■ **Problem to work on**
All the lines below need to be transcribed exactly. Pictures get left out.

____ The data

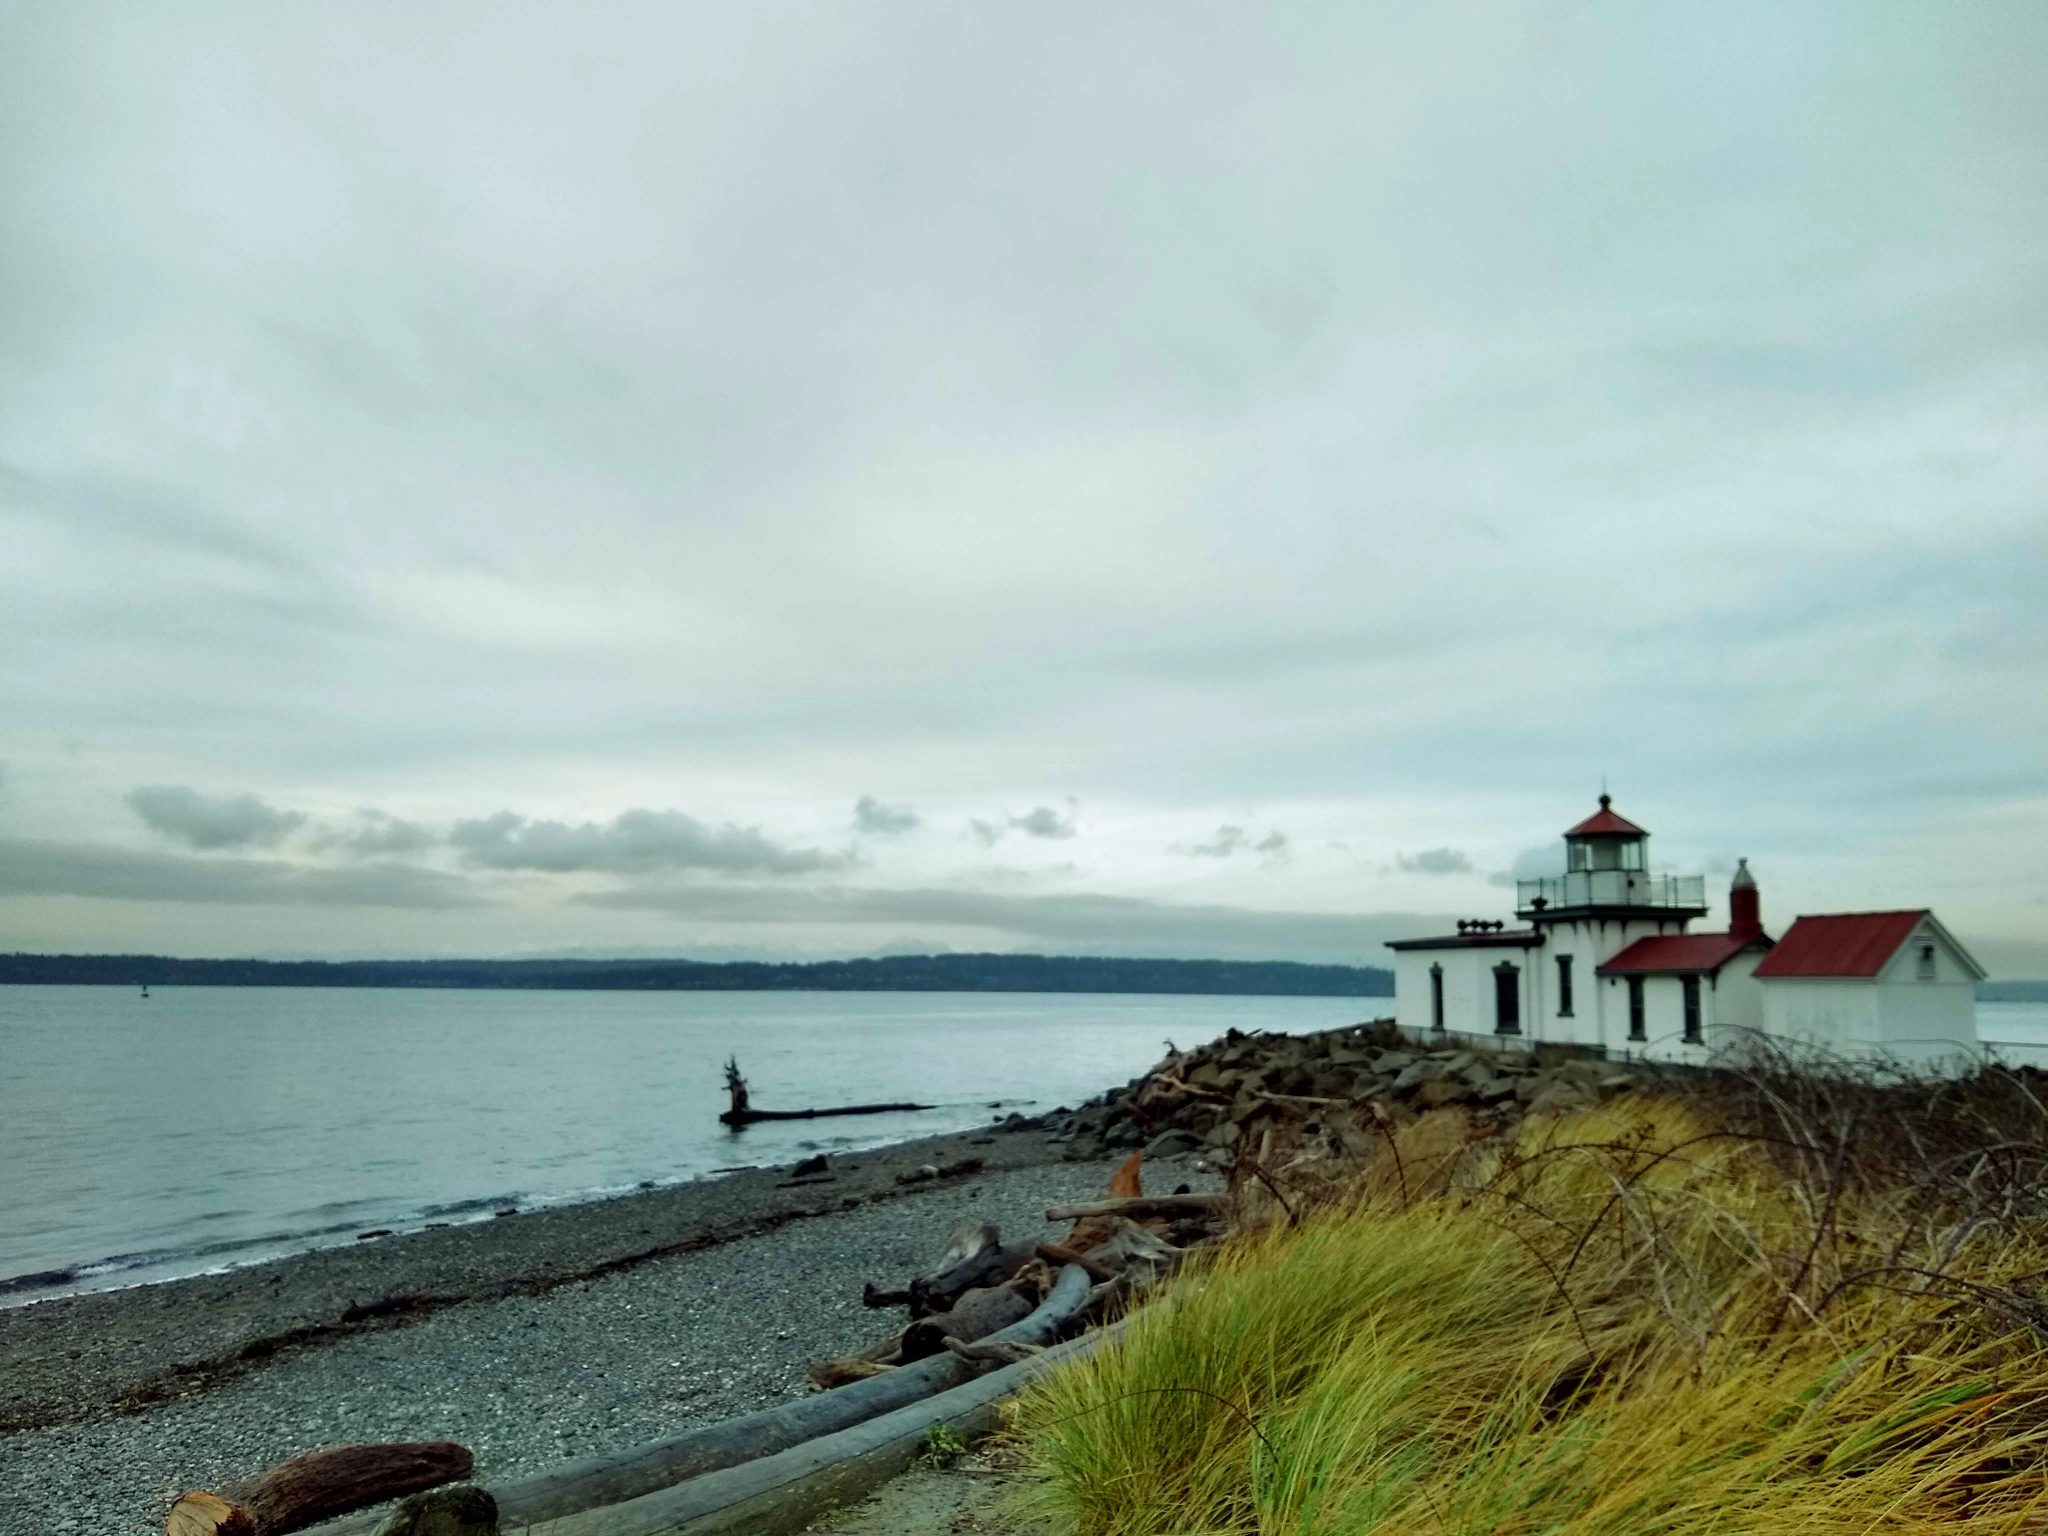 Outdoor activities in Seattle include beaches such as this one by the Westpoint lighthouse. The lighthouse is on a gravel beach with driftwood and rocks. The water is calm and forested hills are seen across the water. It's an overcast day
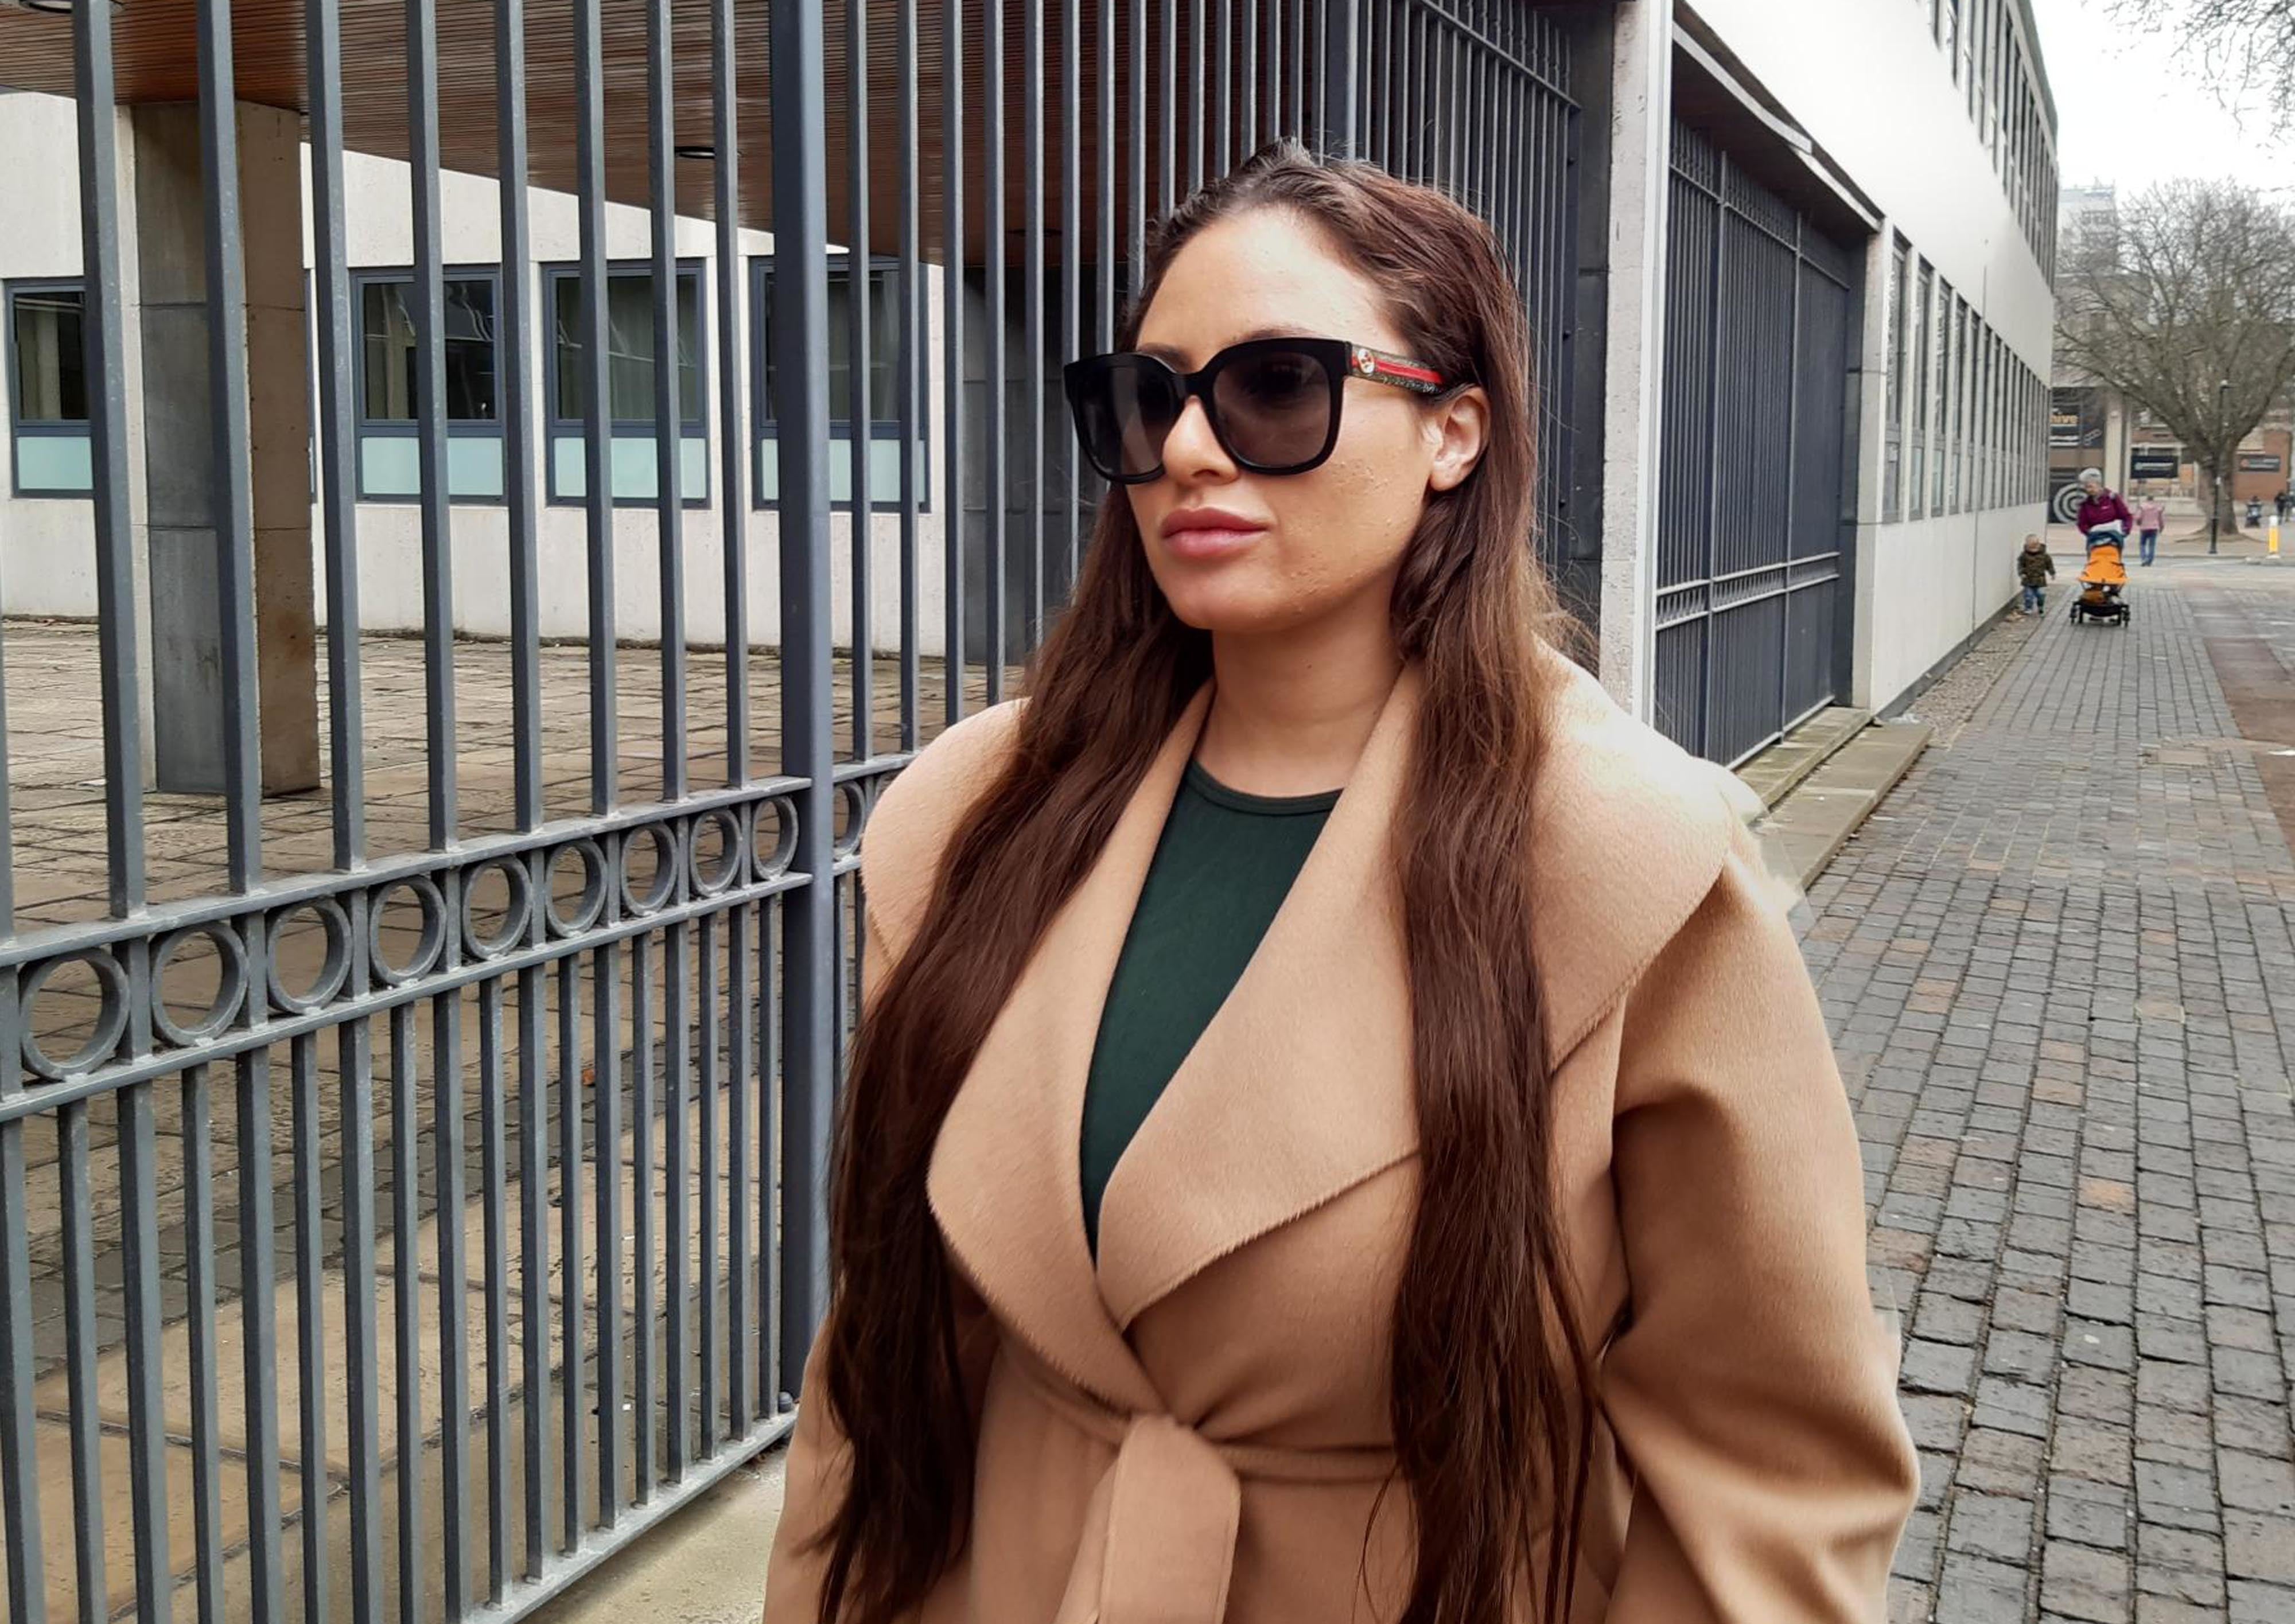 Sherrilyn Speid outside Southend Magistrates’ Court on Monday
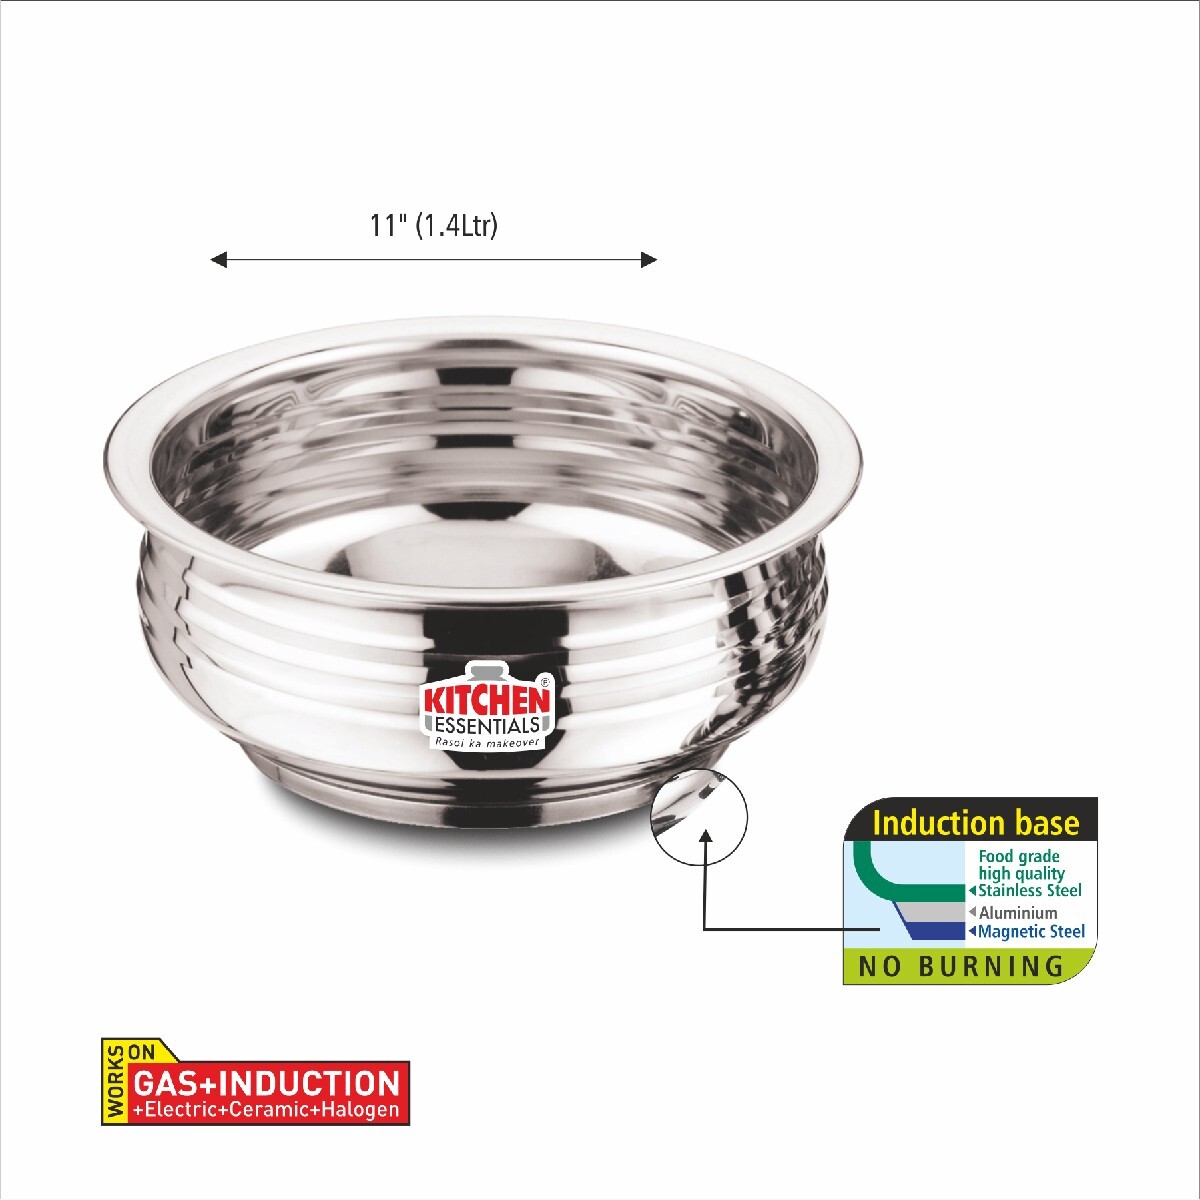 Kitchen Essential Uruly Induction Base Stainless Steel 11

________

■ **Response below**
 Outdoor activities in Seattle include beaches such as this one by the Westpoint lighthouse. The lighthouse is on a gravel beach with driftwood and rocks. The water is calm and forested hills are seen across the water. It's an overcast day
 Sherrilyn Speid outside Southend Magistrates’ Court on Monday
 Kitchen Essential Uruly Induction Base Stainless Steel 11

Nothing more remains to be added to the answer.